About a 30-minute subway ride from Times Square, Queens’ Flushing neighborhood doesn’t have massive skyscrapers or semi-nude street performers — but it is an important center of the national fight against wage theft.

“There were a lot of workers who were coming out about wage theft in the Flushing area, but employers are very well-organized,” says Sarah Ahn, an organizer at the Flushing Workers Center, which opened a few years ago. “They threatened workers who speak up with blacklisting or other crazy forms of retaliation, sometimes even using physical violence.”

Wage theft includes not paying for all hours worked (overtime too), paying below minimum wage and withholding benefits. While it occurs at all levels of the income ladder, low-wage workers suffer the most from it by far. According to one study, employers in New York City are stealing nearly a billion dollars a year in wages from low-income workers.

As of August 2013, New York State’s Department of Labor had a backlog of more than 17,000 open wage theft cases, more than three times as many as in 2008. Three-quarters of open wage theft cases had been open for more than a year.

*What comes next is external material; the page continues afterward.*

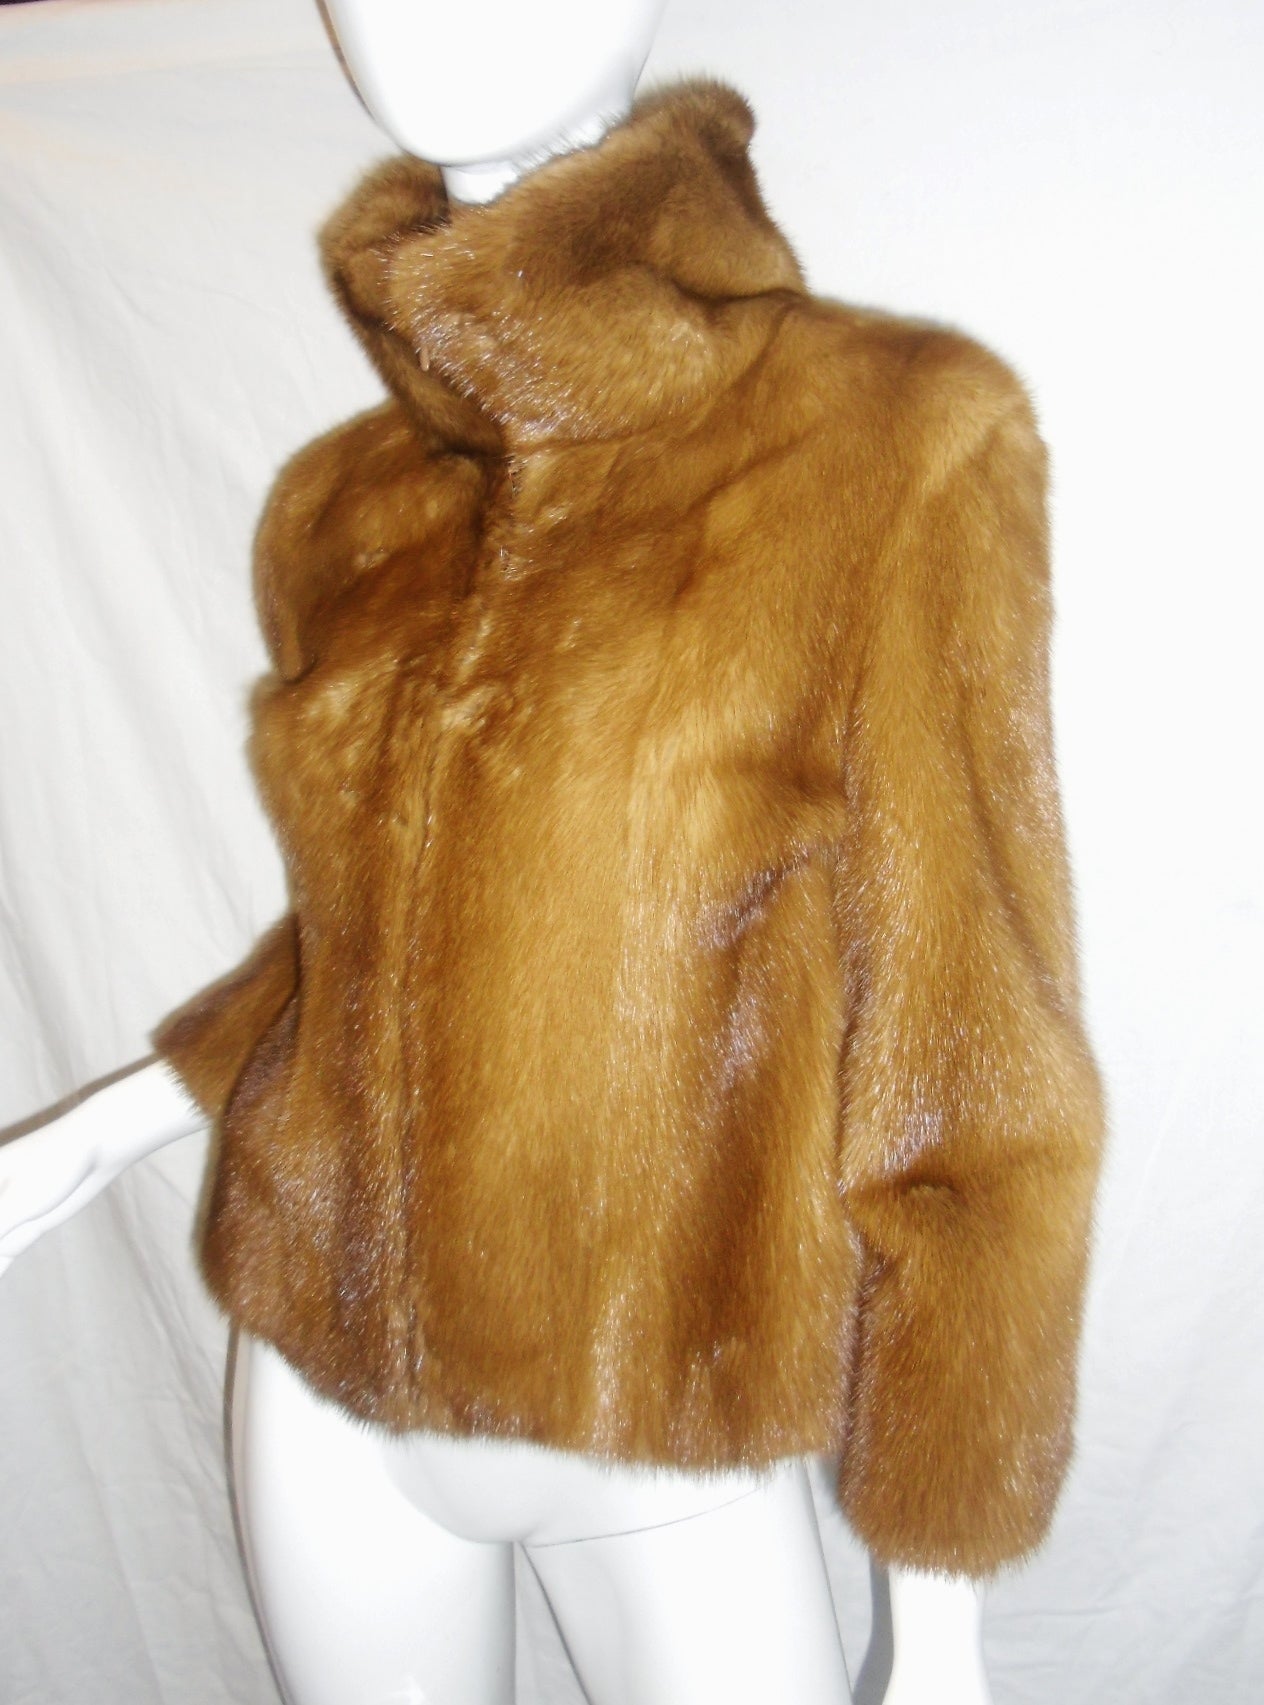 Beautiful and in mint condition Dolce & Gabbana Cognac Mink Fur Jacket Coat Leopard Lining. All female skins. Weight next to nothing. . Features high collar and concealed front zip closure. Size 38 Italian Us 2-4
Bust 34

Without organizing workers across shops, across different industries, it’s hard for them to get anywhere with wage theft cases, Ahn says. Enforcement mechanisms have yet to catch up with employers in today’s economy of transient workers, independent contractors, and small retail or other service-sector businesses. “I think employers got very savvy about how to get away with wage theft, compared to not too long ago,” she adds.

As a result, workers are losing, even when they’re winning. There are at least $125 million in unpaid wage theft judgments and court orders in New York State, according to a report released earlier this year.